FP8 (H100+) is the next step. Two variants: E4M3 (more mantissa, less range, for forward) and E5M2 (more range, for backward gradients). Per-tensor scaling factors that update during training. Frameworks like Transformer Engine handle the bookkeeping.

Mixed precision can introduce silent quality regressions. Differences appear in long-context attention (numerical stability of softmax over many positions), in very deep networks, and in RL where reward signals are subtle. Always evaluate on the production task, not just on training loss.

Gradient scaler + grad clipping interact. If you clip gradients, do it on the unscaled gradients (after scaler.unscale_() in PyTorch). Clipping the scaled gradient gives wrong results.”

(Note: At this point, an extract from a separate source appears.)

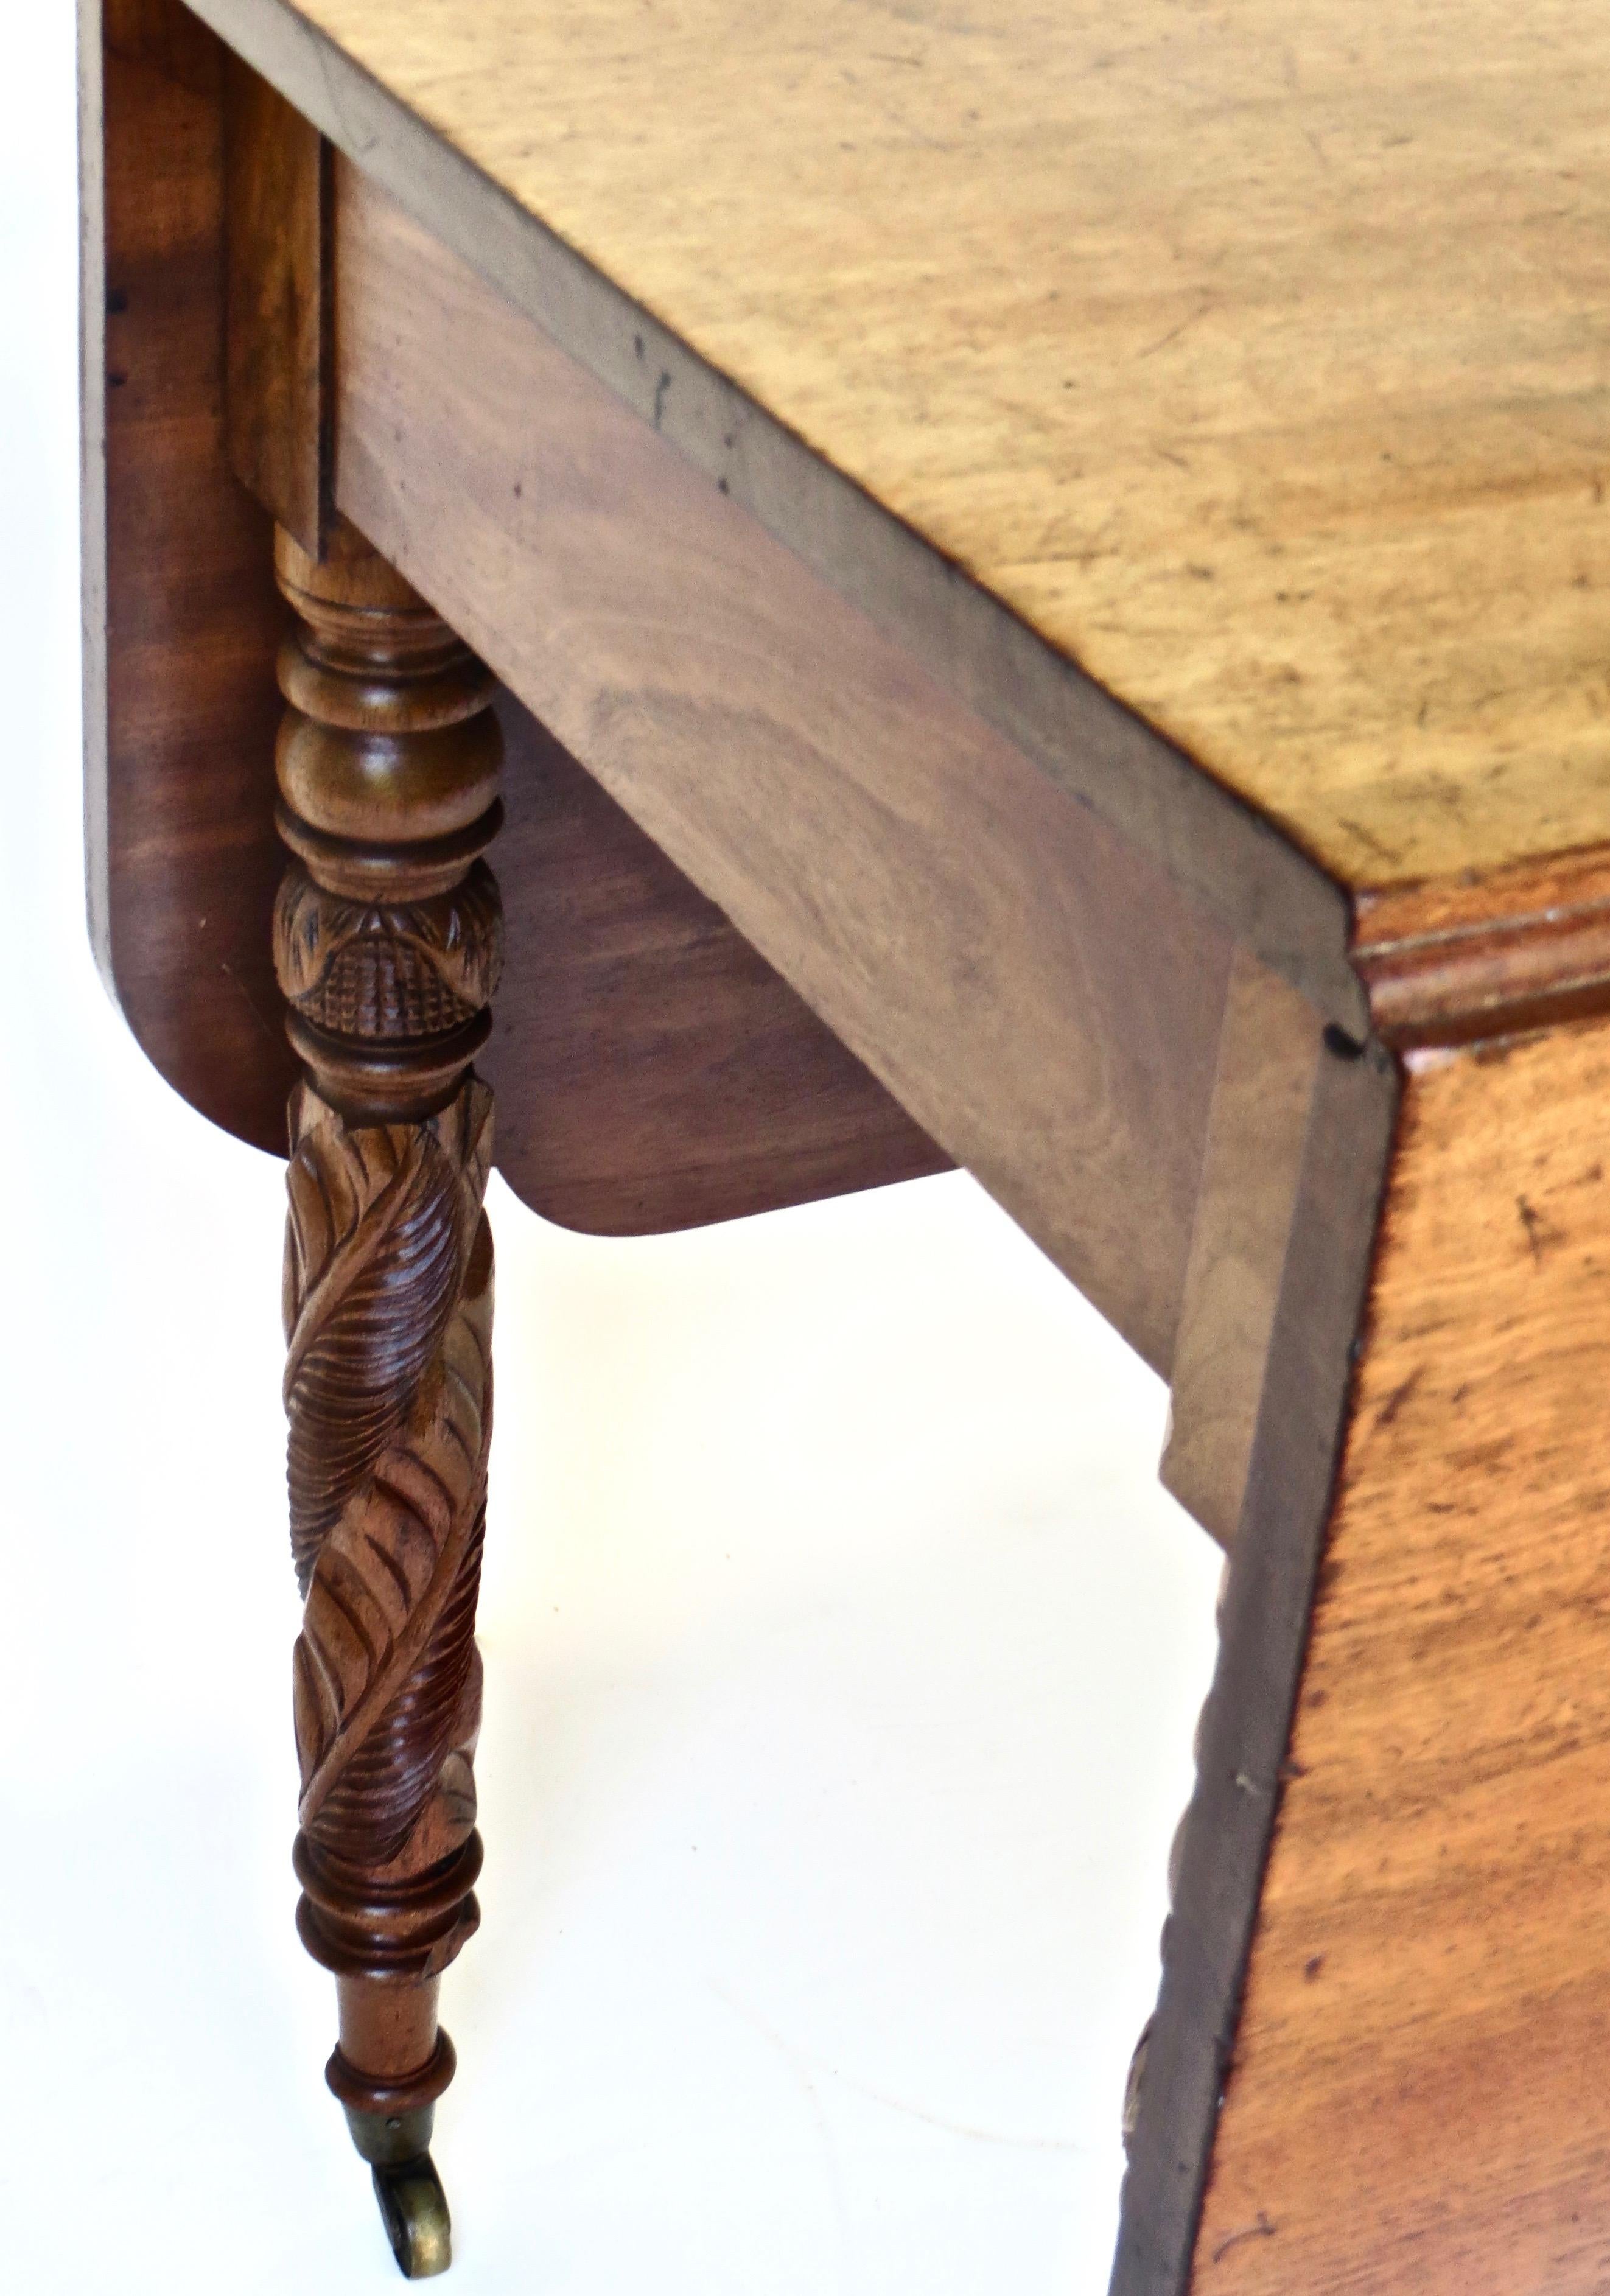 Nicely proportioned and well made early 19th century American mahogany drop leaf table with no restorations and in completely original condition and untouched surface.
The entire surface has mellowed to a beautiful patina; their are several

Tells that get you a strong-hire vote

You name the FP32 master weights + low-precision compute pattern explicitly.
You explain why FP16 needs loss scaling but BF16 doesn’t.
You list ops that stay in FP32 for stability.
You acknowledge optimizer state as the memory dominator, not weights.
You bring up FP8 for H100-era training.

Tells that get you down-leveled

“Just use AMP” with no further detail.
Suggesting FP16 over BF16 on modern hardware.
No mention of loss scaling for FP16.
Confusion between mixed precision (training) and quantization (inference).

Common follow-up

“You said optimizer state dominates memory. Can you mixed-precision the optimizer too?”

The L6 answer:

“Yes, but carefully. Adam’s second moment v is the largest concern; storing it in BF16 loses precision and causes training instability. Approaches: 8-bit Adam (Dettmers et al.) quantizes optimizer state to INT8 with per-block scales, recovering most of the memory with minor quality loss. AdaFactor uses a factored approximation of v with much less memory. For pretraining at scale, ZeRO sharding of FP32 optimizer state across data-parallel ranks is more common than quantizing it.”